Coming back to our old friend Canonical Correlation Analysis (CCA), let us see how researchers were able to appreciate the differences in training dynamics of generalizing and memorizing CNNS.
CCA and its use to appreciate the difference between layers of neural networks have already been discussed here. In this article, we are focusing on different neural networks, having different training dynamics. Researchers at DeepMind and Google Brain built upon SVCCA to develop projection-weighted CCA for comparison among CNNs, where weighted means were used for canonical correlations and their relationship with the underlying representation. So a higher weight was assigned to a CCA vector that was more canonically correlated with the representation.
It must also be remembered that training data in the real world will contain noise as well. Since training dynamics are also impacted by the training data, how do the dynamics vary according to the ‘original signal’ and the accompanying ‘noise’? To answer this, the CCA similarities were compared between layer L at times t throughout training with the same layer L at the final time step T. It was found that the sorted CCA coefficients ρ continued to change well after the network’s performance had converged. It could also be assumed that the un-converged coefficients and their corresponding vectors represented the ‘noise’.

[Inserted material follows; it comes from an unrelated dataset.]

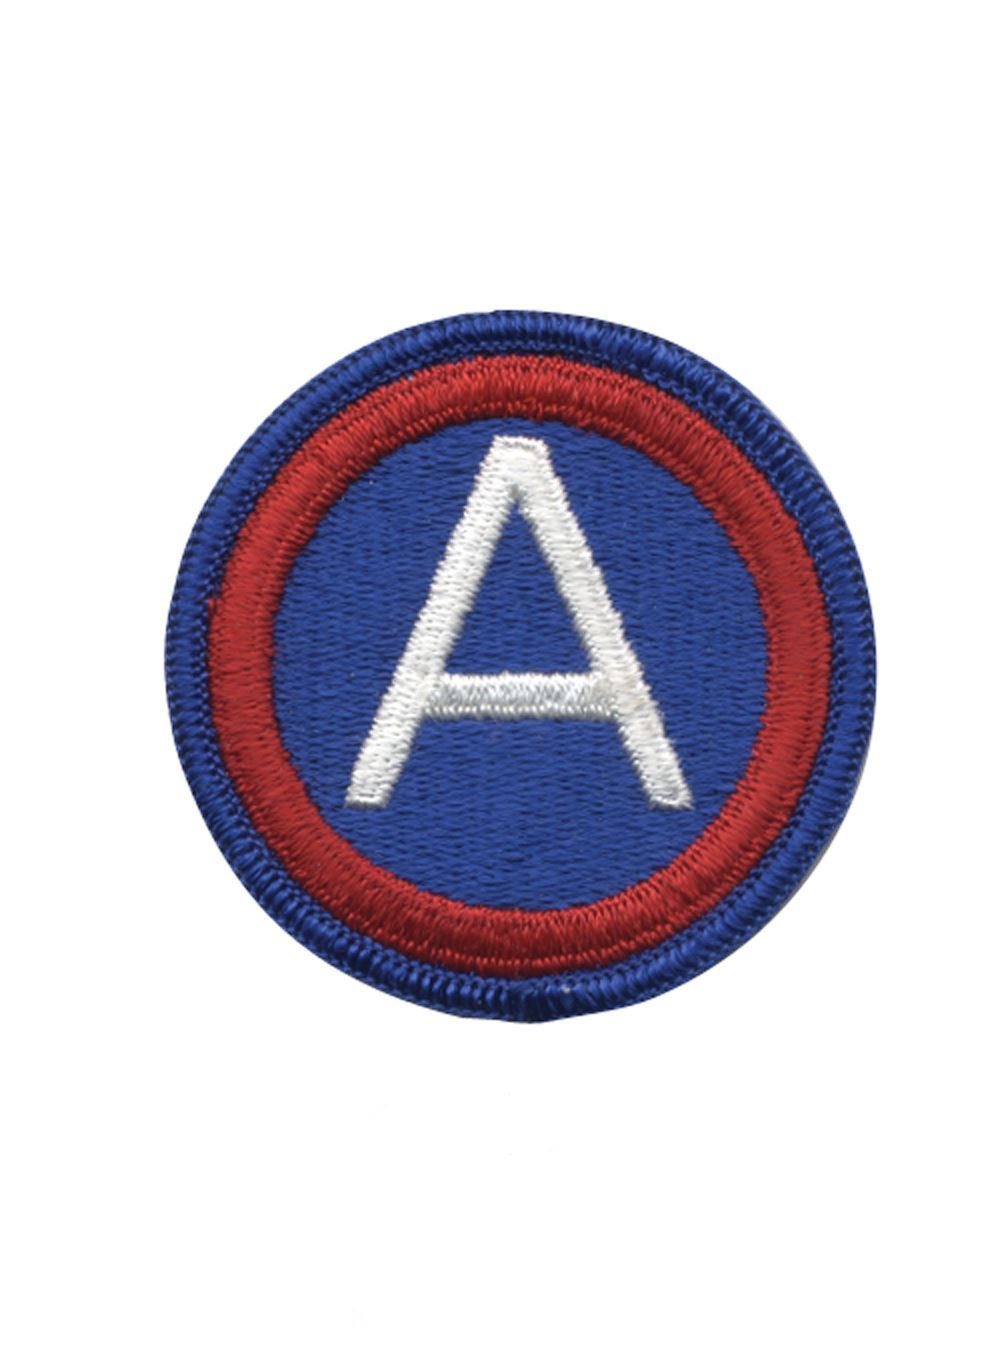 Patch - 3rd Army (10 per pack)
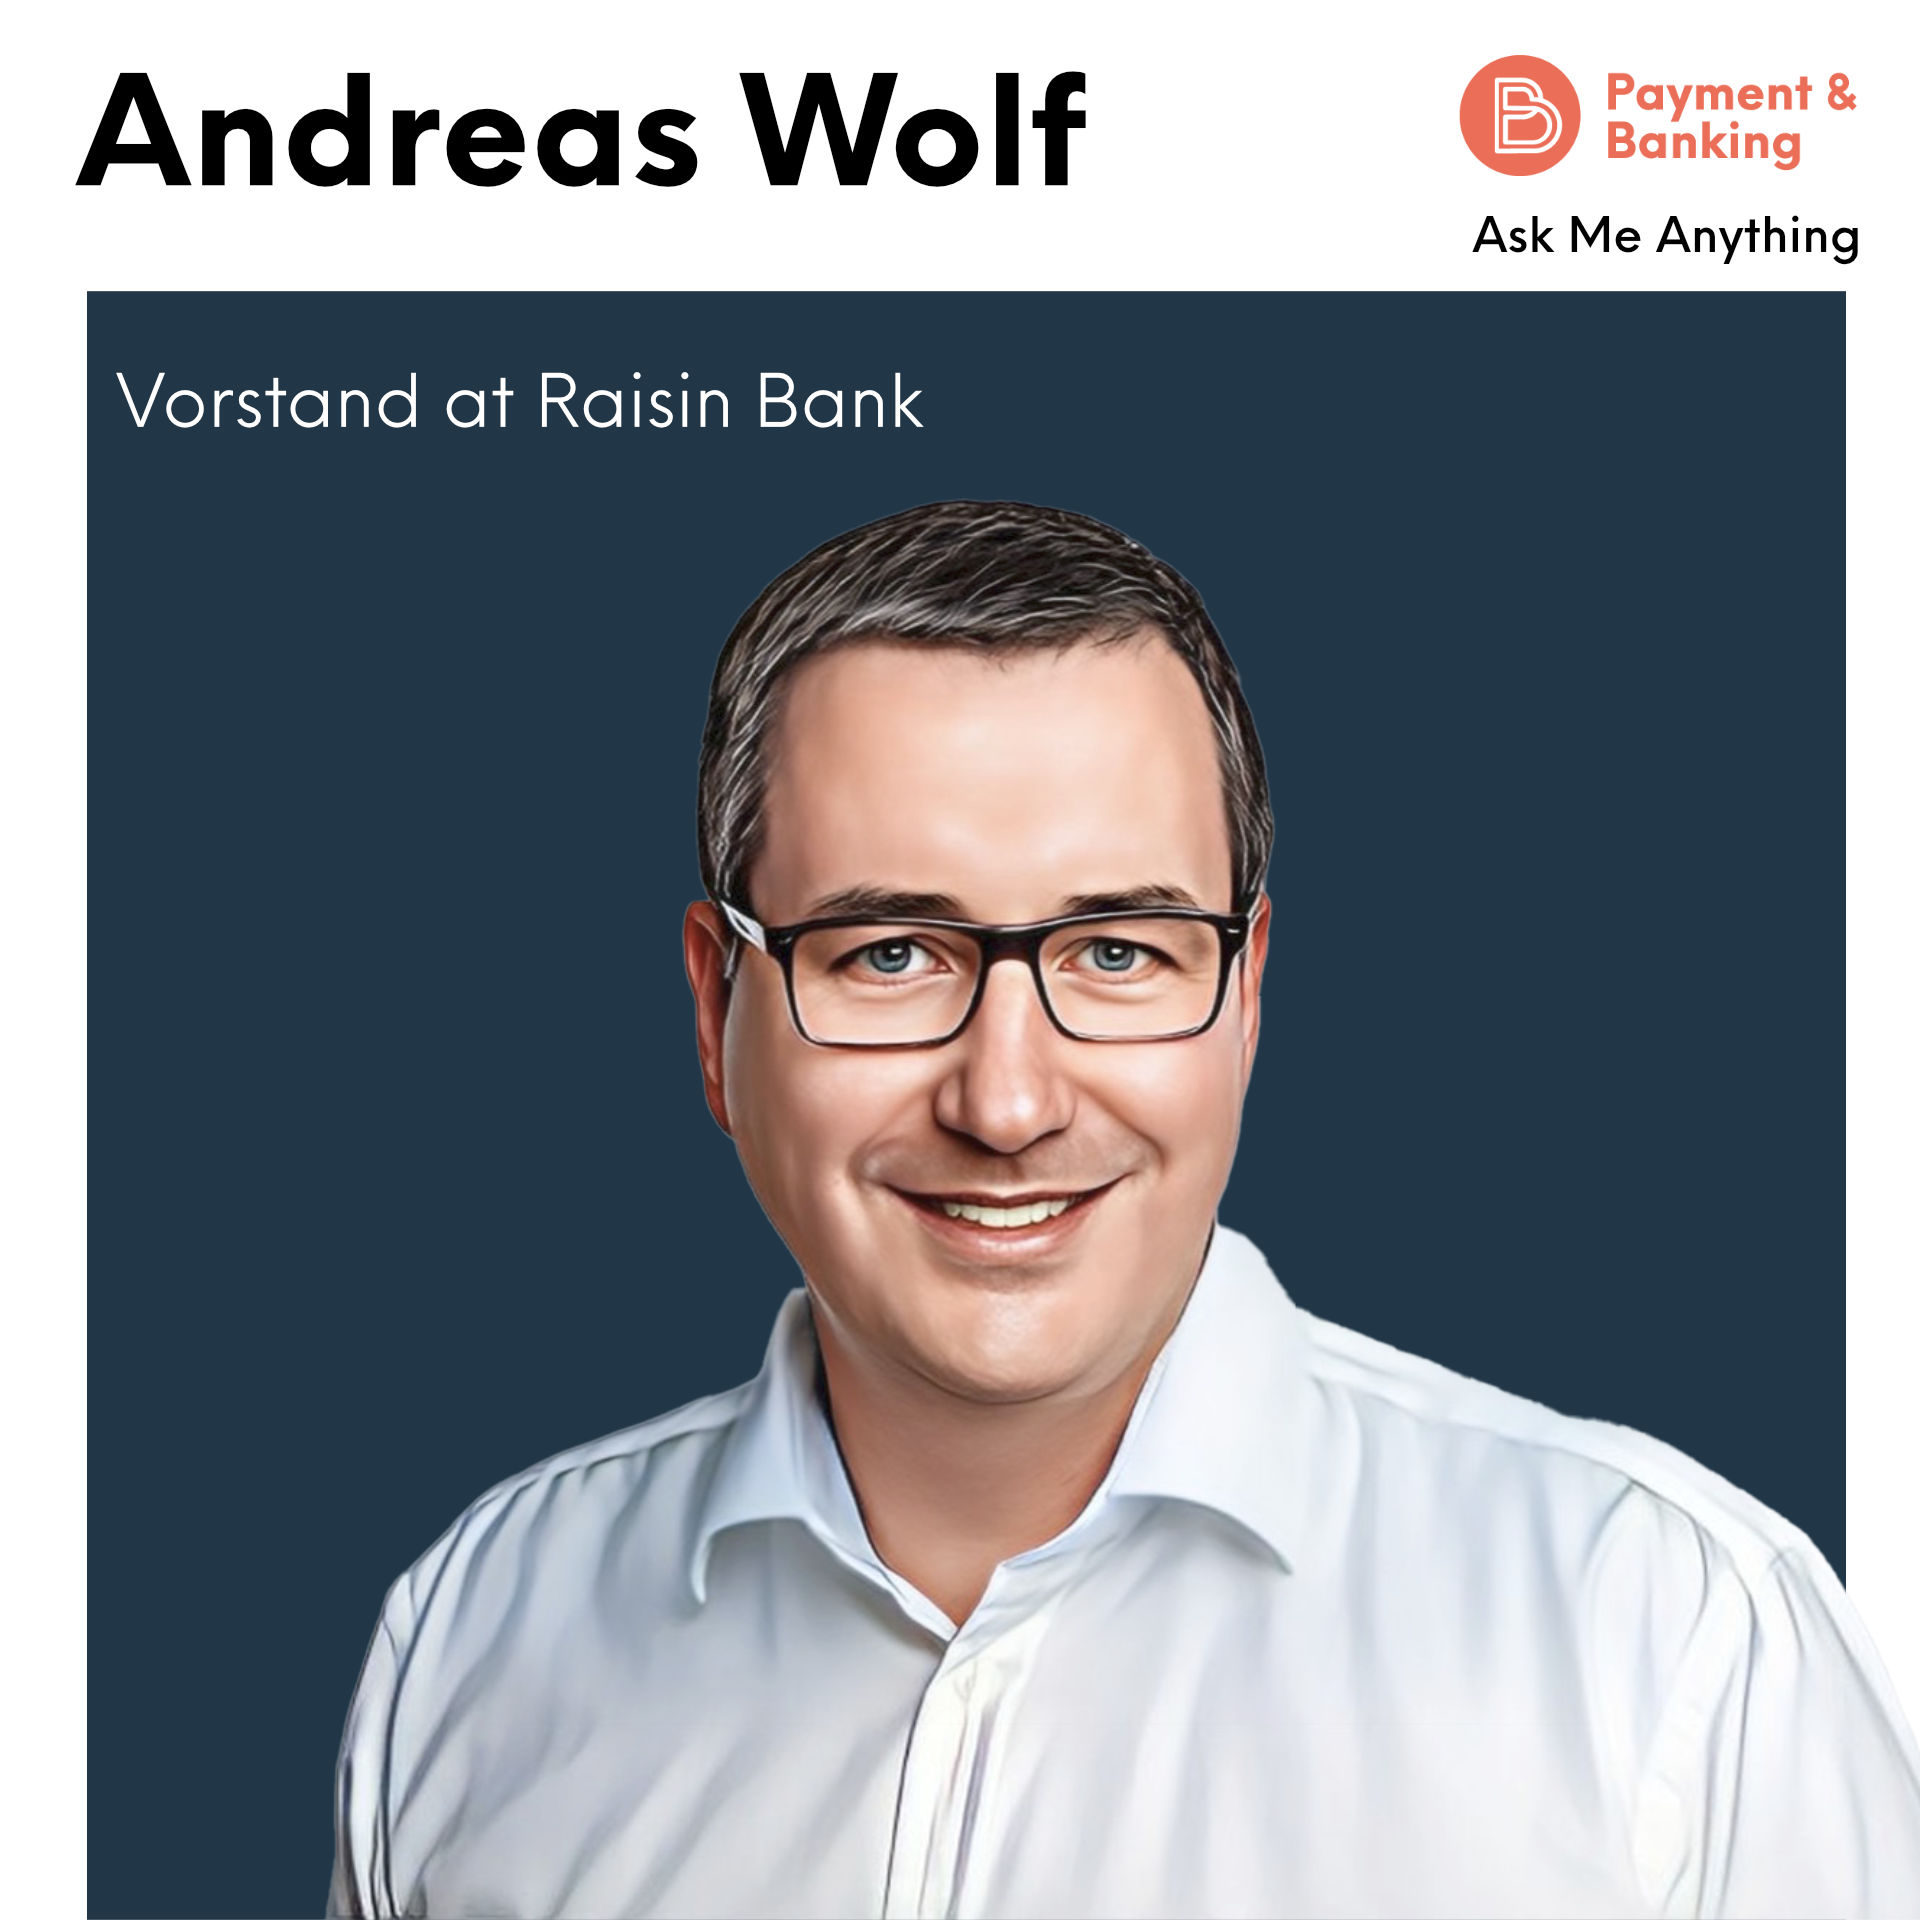 Ask Me Anything #49 - Andreas Wolf (Vorstand bei Raisin Bank)

The next question that arose was if the CCA vectors that stabilized early in training remained stable. To test this, the CCA vectors were computed between layer L at the time step tₑₐᵣₗᵧ in training and time step T/2. The similarity between the top 100 vectors, which had stabilized early was found to remain stable; and the bottom 100 vectors, which had not stabilized with the representation at all other training steps, continued to vary and therefore likely represented noise. These results suggested that task-critical representations are learned by midway through training, while the noise only approaches its final value towards the end.